2005 novel by Robert Antoni

Carnival by Robert Antoni is a 2005 reworking of Ernest Hemingway's novel The Sun Also Rises.

Though Antoni does draw heavily from the activities of the characters from The Sun Also Rises, Carnival describes the sense of displacement and illusion experienced by the characters who have exiled themselves from their island in the West Indies. The main character, William Fletcher, has a similar wound to Jake Barnes from The Sun Also Rises, but William's wound is a self-imposed one. Though they both cannot use their penises, Jake still has the intense passion to be with women but is unable because of wound he received from World War I. On the other hand, William still has his penis but he becomes fearful whenever he gets involved intimately with women to the point where intimacy and sex become self-described hell. His one and only true love is the vivacious Rachel, who, like Brett Ashley, is the sexual focus of all the men in the novel.

According to Publishers Weekly, the novel falters: "For all the debauchery that is Carnival (think Scotch, marijuana, fireworks, jouvert bands), this section of the novel feels curiously bloodless, perhaps because Antoni's style tends toward short fragments ("He sat up, arms folded over chest. Breathing quickly.
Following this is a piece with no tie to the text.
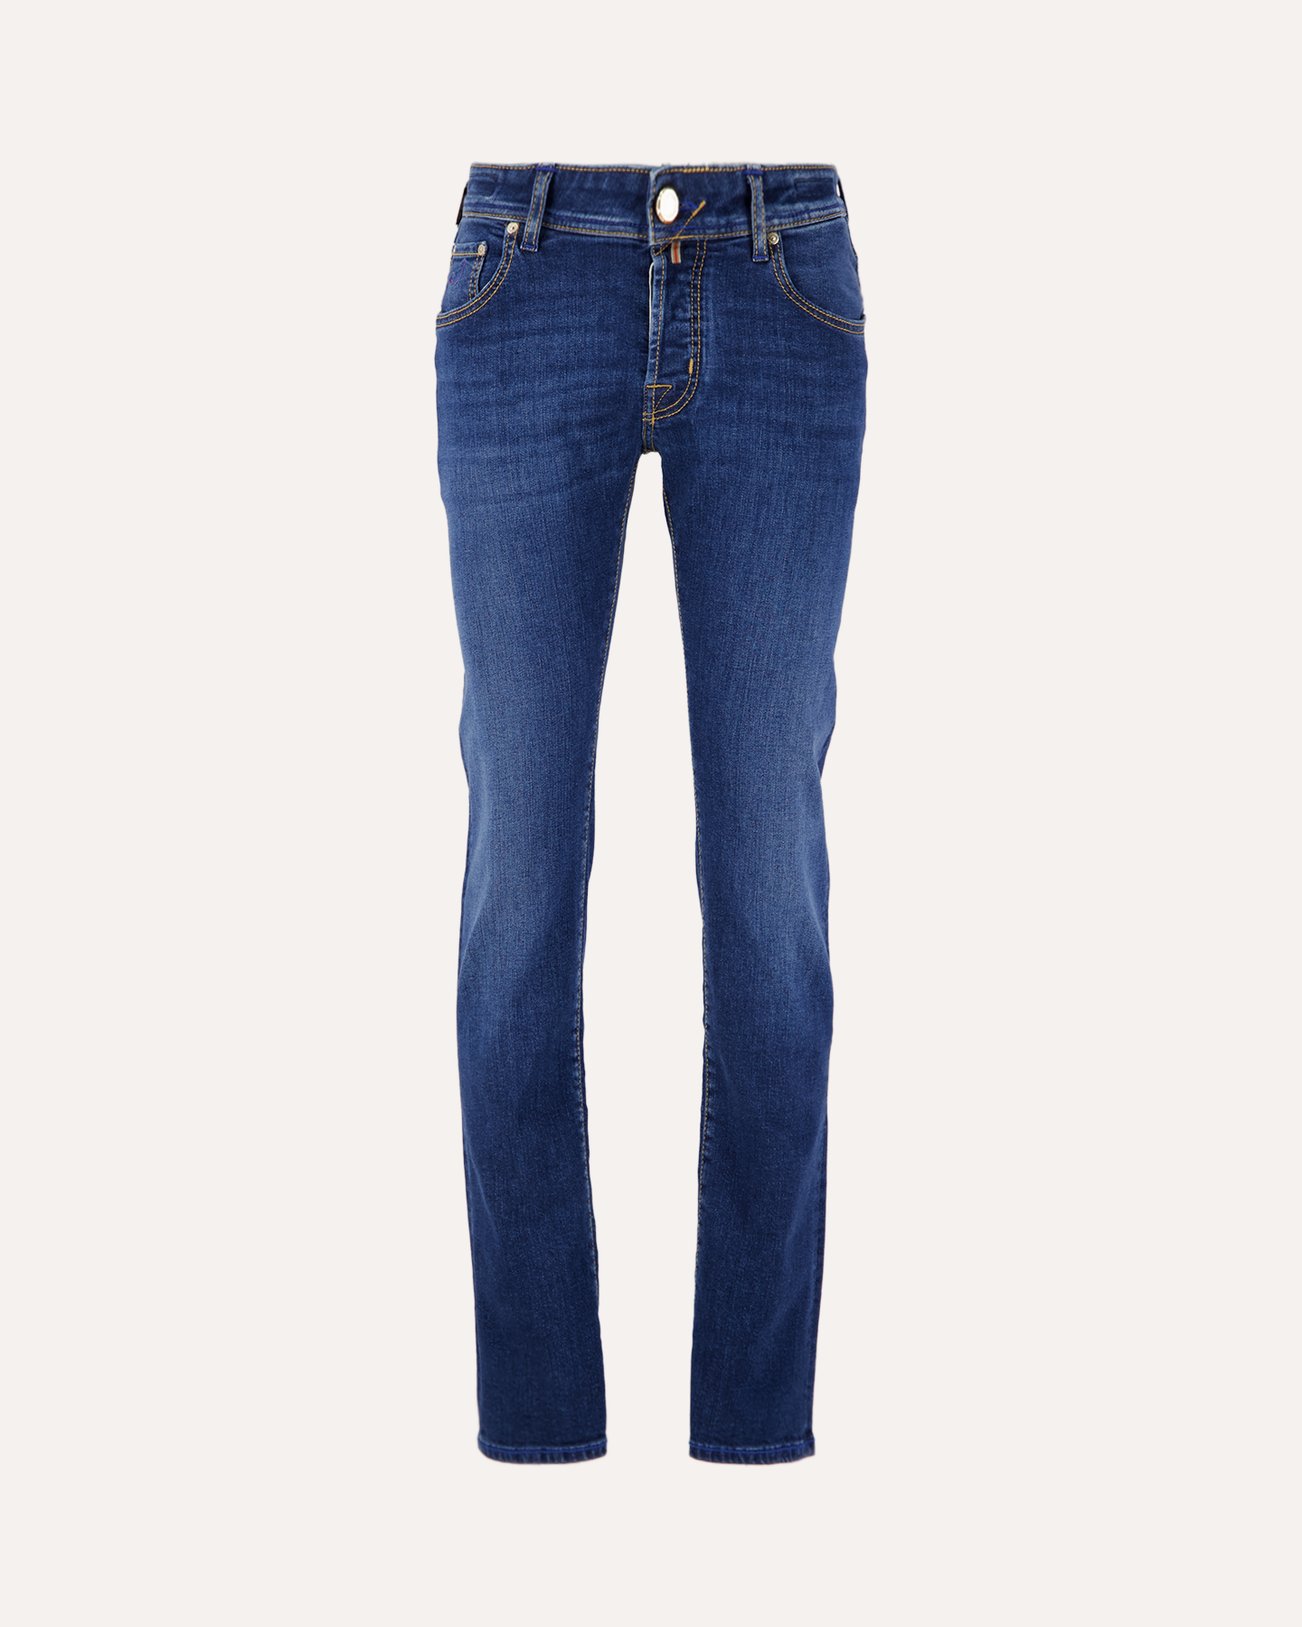 Jacob Cohen Nick Mid-Blue Selvedge Limited-Edition Jeans 778D DENIM 1

His chest rising, falling. Staring down at the ground") and weak transitions ("Before I had a chance to think about it..."; "Before I knew it..."; etc.) The final act of the novel shifts to a remote, mountainous region where William and friends intend to sober up from the merrymaking, but instead find themselves involved in a violent incident involving the Earth People (an isolated settlement of rastas) and a racist police force. Antoni's major themes—race (William is white, Laurence black, Rachel French-Creole) and sexuality—are good ones, but they're not sufficiently developed, and the plot feels somewhat manufactured".